Note: Windows 8 and Windows 10 have built-in flash players and Adobe will cause a conflict. Install the plugin only. Not the ActiveX.

Flash Player Version: Version 29.0.0.113

https://get.adobe.com/flashplayer/ Direct link scans current system and browser Note: Other software is offered in the download. <Windows Only>

https://get.adobe.com/flashplayer/otherversions/ Step 1: Select Operating System Step 2: Select A Version (Firefox, Win IE . . . .) Note: Other software is offered in the download. <Windows Only> +++++++++++++++++++ See if there are updates for your graphics drivers https://support.mozilla.org/en-US/kb/upgrade-graphics-drivers-use-hardware-acceleration

more options

This will disable add-on signature enforcement; Firefox ESR version only. Enter about:config into your Firefox address bar Click the I Accept the Risk button Find xpinstall.signatures.required in the list Right click the preference Select Toggle until the value is false https://support.mozilla.org/en-US/kb/add-on-signing-in-firefox

more options

"xpinstall.signatures.required" has been left as a compatibility solution, and i am not quite sure if it will still work. But even if that work it will disable signature enforcement on every addon, and this is not quite what i need. I only need to lower the security for one specific addon. For example the method with "signedState":1 is working for few hours already, but I know it is still time limited (intentional or bug), and after next hours Firefox will finally inform me that addon was disabled. Maybe some settings which disable this timer? Or extend this timer somehow? Or is it a way to sign the addon without publishing it to community? I have generated proper CRC for all modified files but I can't bypass the same for main file in addon due to missing signature file.

more options

zygdresze said

Or is it a way to sign the addon without publishing it to community? I have generated proper CRC for all modified files but I can't bypass the same for main file in addon due to missing signature file.

Signing the legacy addon is not possible.

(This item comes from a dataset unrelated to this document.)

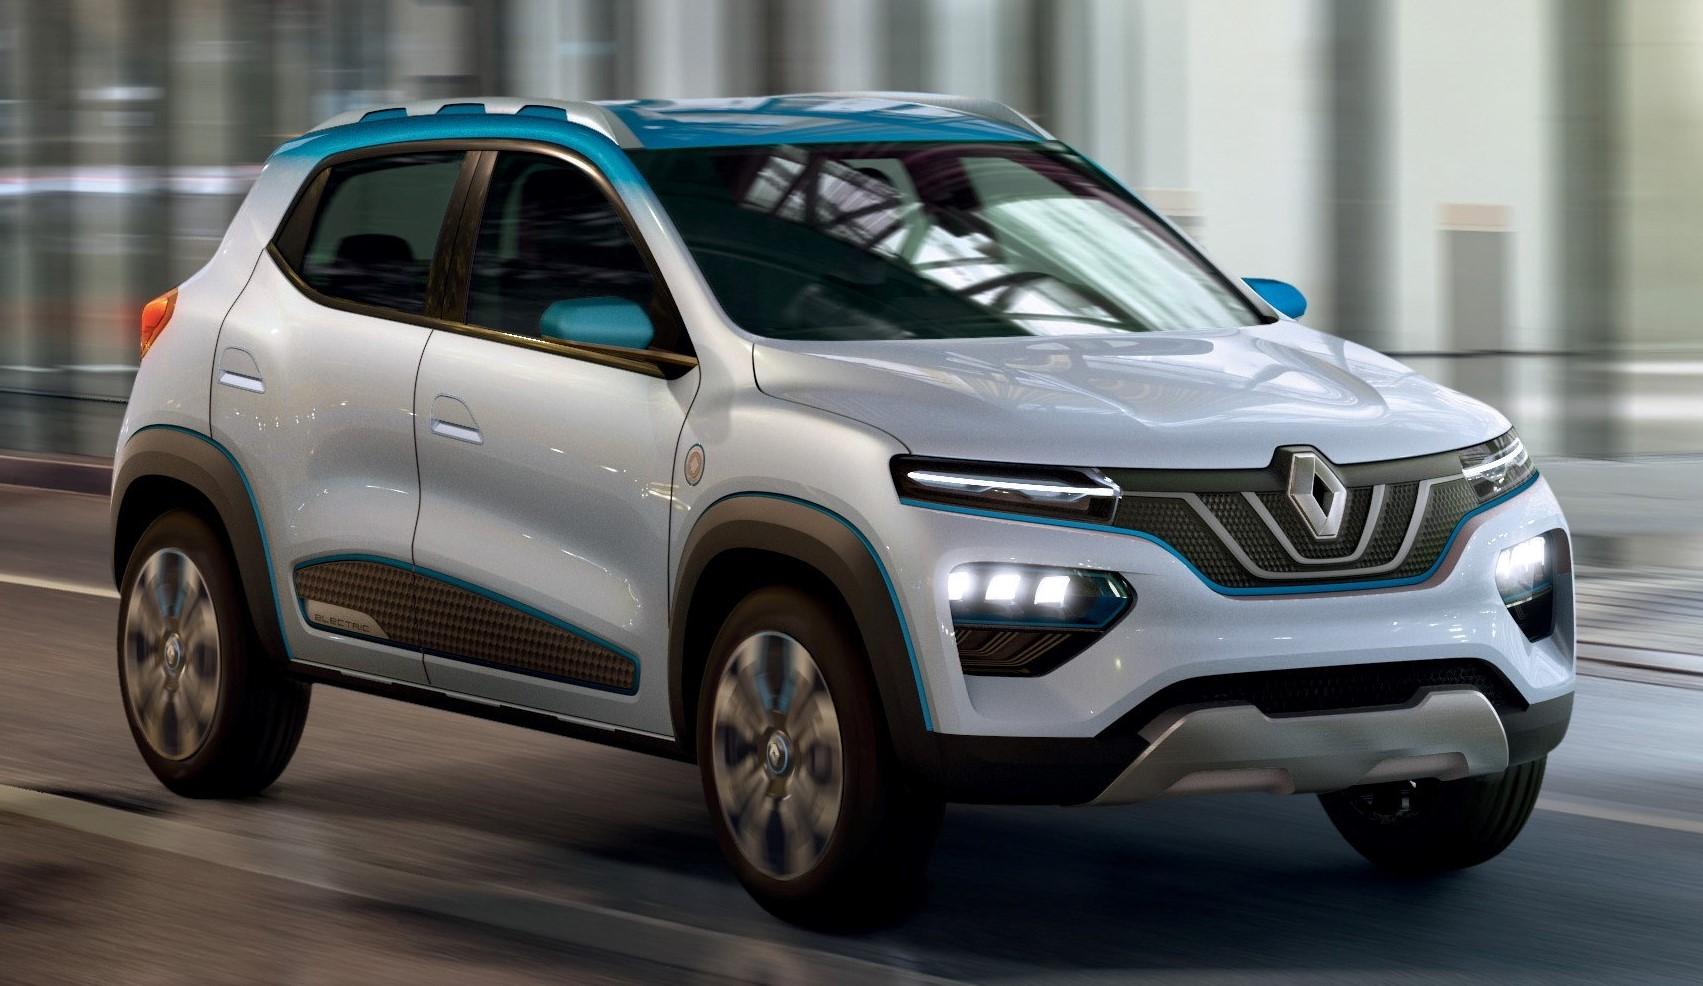 Renault apresenta o K-ZE, versão 100% elétrica do Kwid, com autonomia de 250 quilômetros

You can only sign webextensions (with or without publishing).

more options

So it seems that there is no good solution, i am not interested in disabling signing enforcement for all addons, nor using nightly or development edition of FF. Total fail if You ask me.

more options

Why aren't you using the current ESR release (52.7.2)?

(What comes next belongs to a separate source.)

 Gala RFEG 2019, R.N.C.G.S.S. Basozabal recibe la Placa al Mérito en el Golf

If you have set xpinstall.signatures.required to false then Firefox should allow you to install unsigned extensions. In case of issues with signing it normally helps to delete extensions.json (and possibly addons.json) to reset the extensions registry.

more options

cor-el powiedział

Why aren't you using the current ESR release (52.7.2)?

Without the reason, just not making updates too frequently. I have grown over the idea that each update is better than previous version. Now I rather think that "better is the worst enemy of good". It is from my experiences using different kind of software. Besides this subject has no meaning for my main question.

If you have set xpinstall.signatures.required to false then Firefox should allow you to install unsigned extensions.

And how good is the Mozilla verification process of addons? How can I be so sure that some addon won't be able to inject other, not signed addon?

I just don't want to disable signing enforcement for all addons, only for one specific, and legacy, where I fixed some bugs and use it for my own needs. Just when original author decided to stop playing with this addon, and do more interesting things. Nevermind, i don't expect more solutions for my question now.

more options

Please then Mark this as Solved with Your last answer as the Solution

more options

Pkshadow said

Please then Mark this as Solved with Your last answer as the Solution

Define "solved" firstly. In my opinion, there is no solution here. Workarounded (worse or better, no matter), but no "Solved". I don't see "workarounded" button anywhere.